Solving a global optimal problem requires only two-armed slot machine

For a general purpose optimization problem over a finite rectangle region, this paper pioneers a unified slot machine framework for global optimization by transforming the search for global optimizer(s) to the optimal strategy formulation of a bandit process in infinite policy sets and proves that two-armed bandit is enough.
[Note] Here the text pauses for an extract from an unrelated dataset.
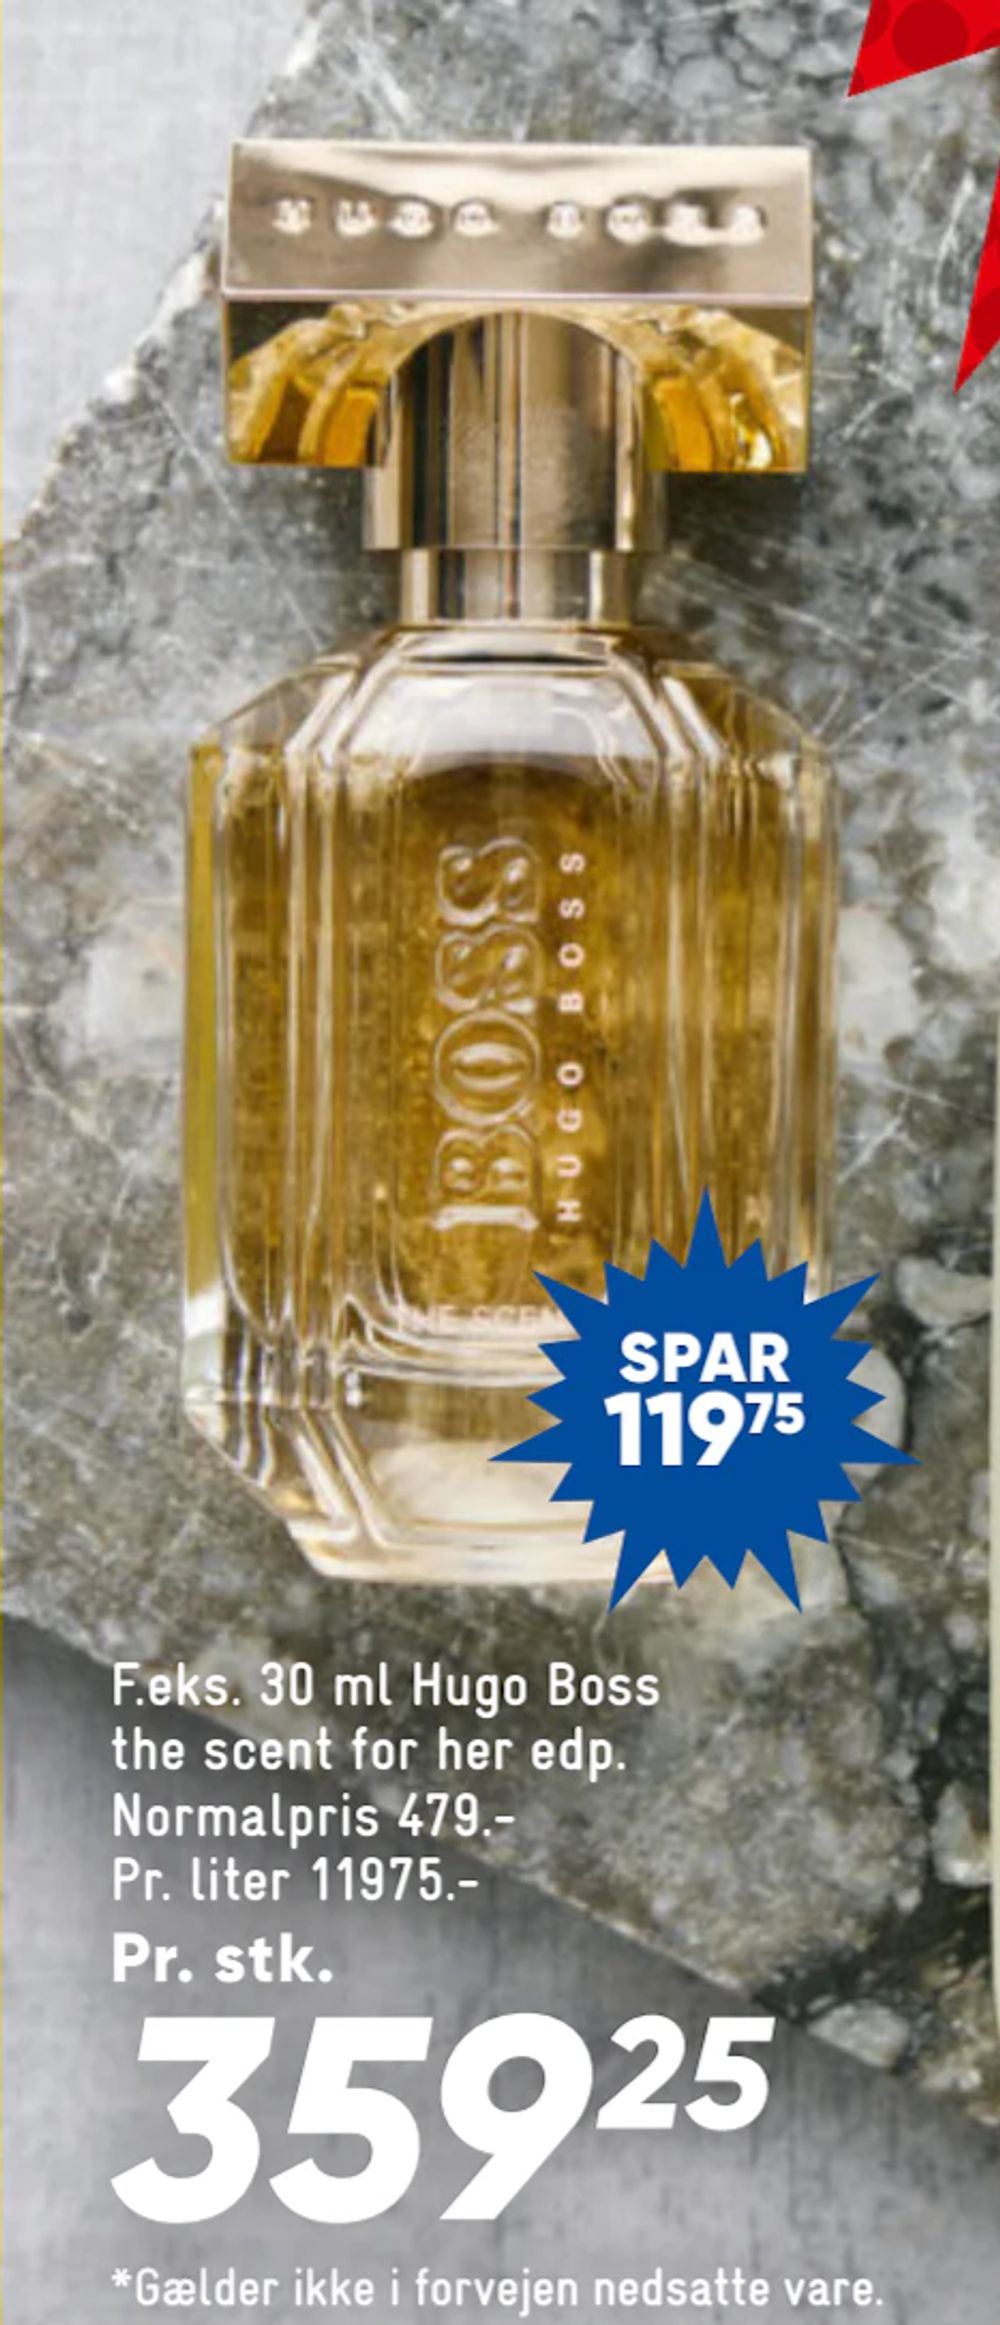 Tilbud på 30 ml Hugo Boss the scent for her edp fra Bilka til 359,25 kr.
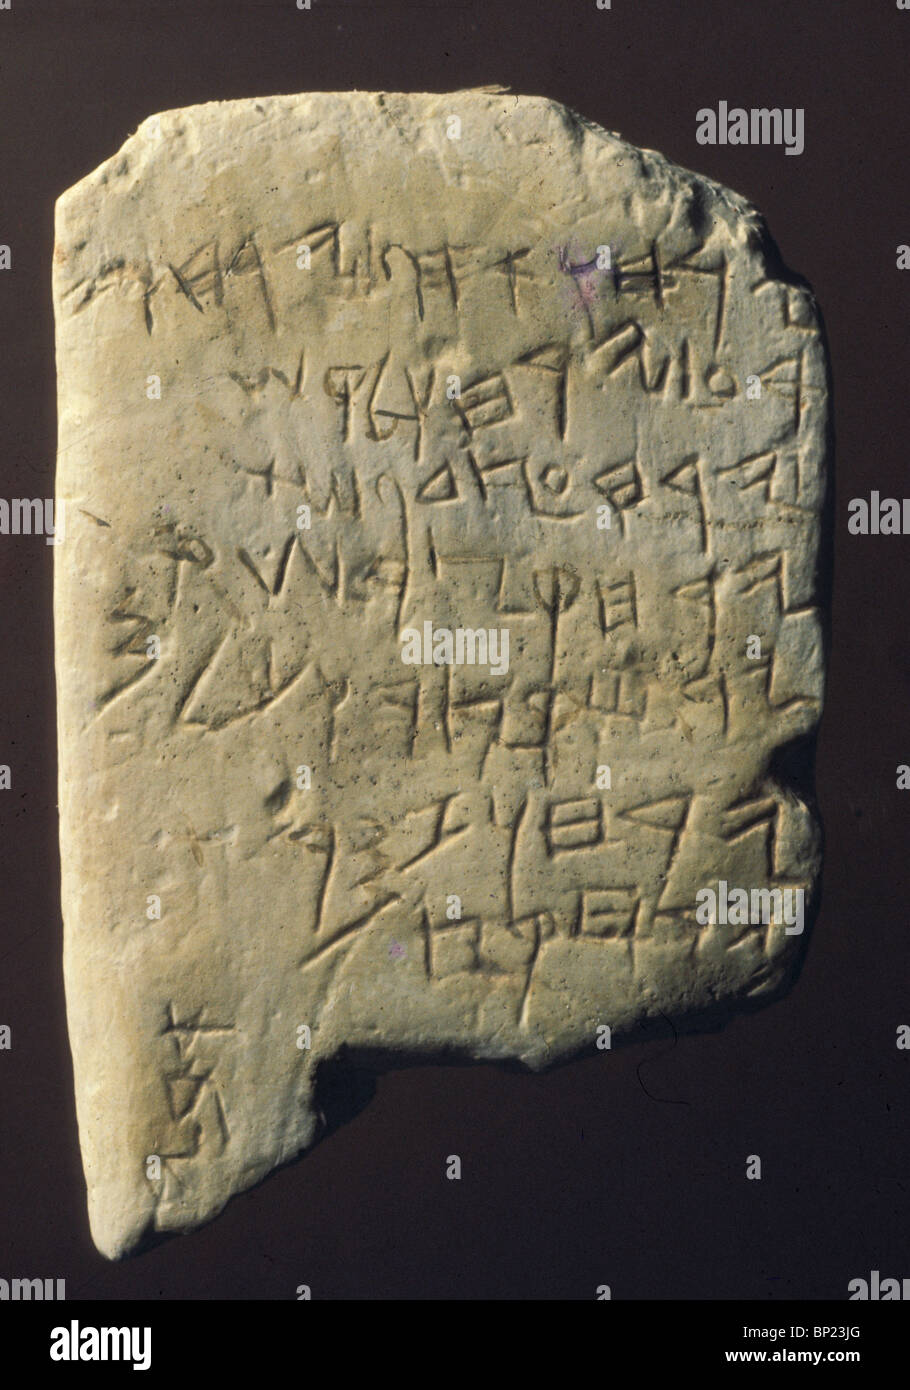 Calendrier GUÉZER une inscription en hébreu ancien texte gravé sur une pierre calcaire. Peut-être la plus ancienne inscription en hébreu jamais Banque D'Images

By leveraging the strategic bandit process-driven optimization framework, we introduce a new {\bf S}trategic {\bf M}onte {\bf C}arlo {\bf O}ptimization (SMCO) algorithm that coordinate-wisely generates points from multiple paired distributions and can be implemented parallel for high-dimensional continuous functions. Our SMCO algorithm, equipped with tree search that broadens the optimal policy search space of slot machine for attaining the global optimizer(s) of a multi-modal function, facilitates fast learning via trial and error. We provide a strategic law of large numbers for nonlinear expectations in bandit settings, and establish that our SMCO algorithm converges to global optimizer(s) almost surely. Unlike the standard gradient descent ascent (GDA) that uses a one-leg walk to climb the mountain and is sensitive to starting points and step sizes, our SMCO algorithm takes a two-leg walk to the peak by using the two-sided sampling from the paired distributions and is not sensitive to initial point selection or step size constraints. Numerical studies demonstrate that the new SMCO algorithm outperforms GDA, particle swarm optimization and simulated annealing in both convergence accuracy and speed. Our SMCO algorithm should be extremely useful for finding optimal tuning parameters in many large scale complex optimization problems.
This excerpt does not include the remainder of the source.